South Korean exchange Bithumb says a staff input mistake on February 6, 2026 caused roughly 620,000 BTC—valued in the $40–44 billion range and often cited around $43 billion—to be wrongly credited to 695 accounts, sparking a sharp dislocation in the BTC/KRW market on the venue and drawing immediate regulatory attention. This was an operational-control failure with real market impact, not a routine outage.
Bithumb linked the incident to a breakdown inside its promotional backend, where a “critical logic error” allowed a mistyped reward configuration to propagate into live balances. The combination of a flawed control path and high-value asset distribution created a rapid, exchange-level shock that required containment measures within minutes.

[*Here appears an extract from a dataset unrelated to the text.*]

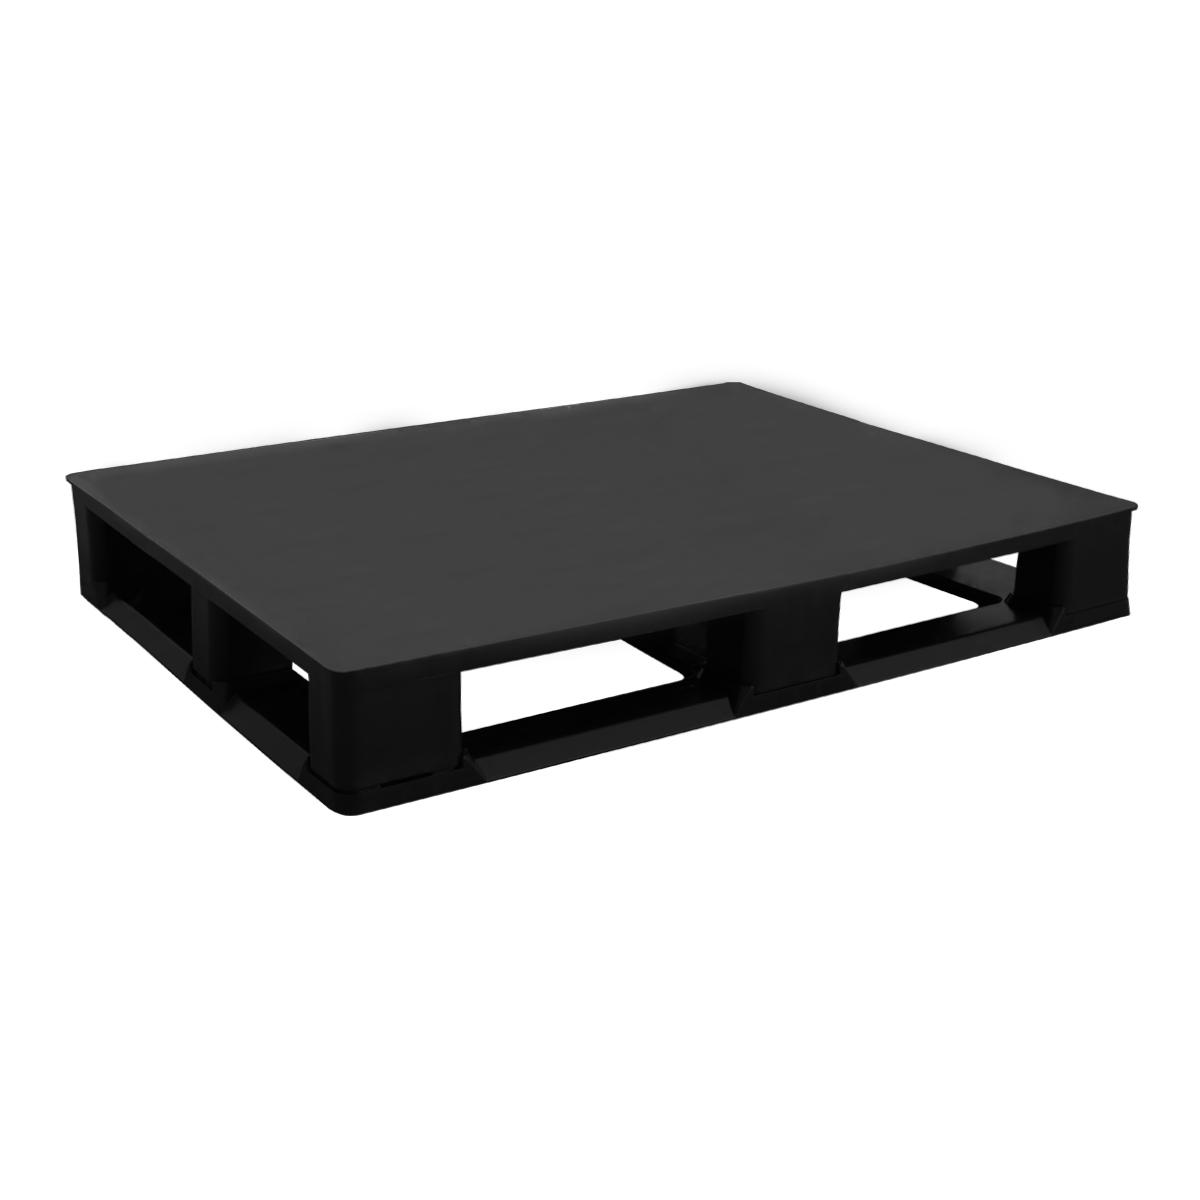 h tipi plastik palet 100x120cm siyah kızaklı kapalı

How the error cascaded through trading
Bithumb’s explanation centers on a unit-handling mistake: a staff member mistyped reward units in a way that effectively treated Bitcoin as Korean won inside the promotion logic. A single input validation miss became a platform-wide ledger event once the system interpreted the wrong unit at scale. The result was an anomalous crediting of unusually large BTC amounts to hundreds of users and a reported ~10% flash crash in the BTC/KRW pair on the exchange.
Once the anomaly was detected, Bithumb says it moved quickly to ring-fence affected activity by blocking trading and withdrawals for impacted accounts while engineers rolled back the faulty process and stabilized operations. The immediate objective was to stop further propagation, prevent additional forced price discovery, and preserve an auditable path to remediation. In a February 9 update, the exchange said it secured about 99.7% of the erroneously distributed BTC within minutes of identifying the issue.
Customer remediation and regulatory escalation
Bithumb paired the technical rollback with a compensation plan meant to restore user confidence and demonstrate customer-first remediation. The remediation posture was designed to close the trust gap created by a preventable internal error. The exchange said it would pay 20,000 won (about $13.66) to every customer who was logged in during the incident, and it committed to full reimbursement of realized losses for traders who were forced to exit at disadvantageous prices, plus an additional 10% on top of the reimbursed losses.
Regulators also moved into response mode, with the Financial Supervisory Service (FSS) launching on-site inspections to assess Bithumb’s internal controls and determine whether any manipulation or other misconduct occurred alongside the operational failure. The regulatory posture signals that exchanges will be judged not only on security posture, but on operational discipline, change management, and market-integrity safeguards. Parliamentary sessions were convened to discuss tighter rules for virtual-asset platforms, and officials signaled potential increases in IT-operations penalties for exchanges that fail basic safeguards.
For the broader market, the episode is a reminder that “promotional systems” are not low-risk subsystems when they can touch balances, trading eligibility, and withdrawal paths. Expect heightened pressure for stronger input validation, stricter change-control gates, independent forensic review, and clearer incident-timeline disclosure as part of post-incident governance. Next steps implied by the exchange’s posture and the regulator response include completing forensic audits, patching backend controls, and closing out the expanded probes in ways that could reset compliance expectations and IT-operations liability for Korean exchanges.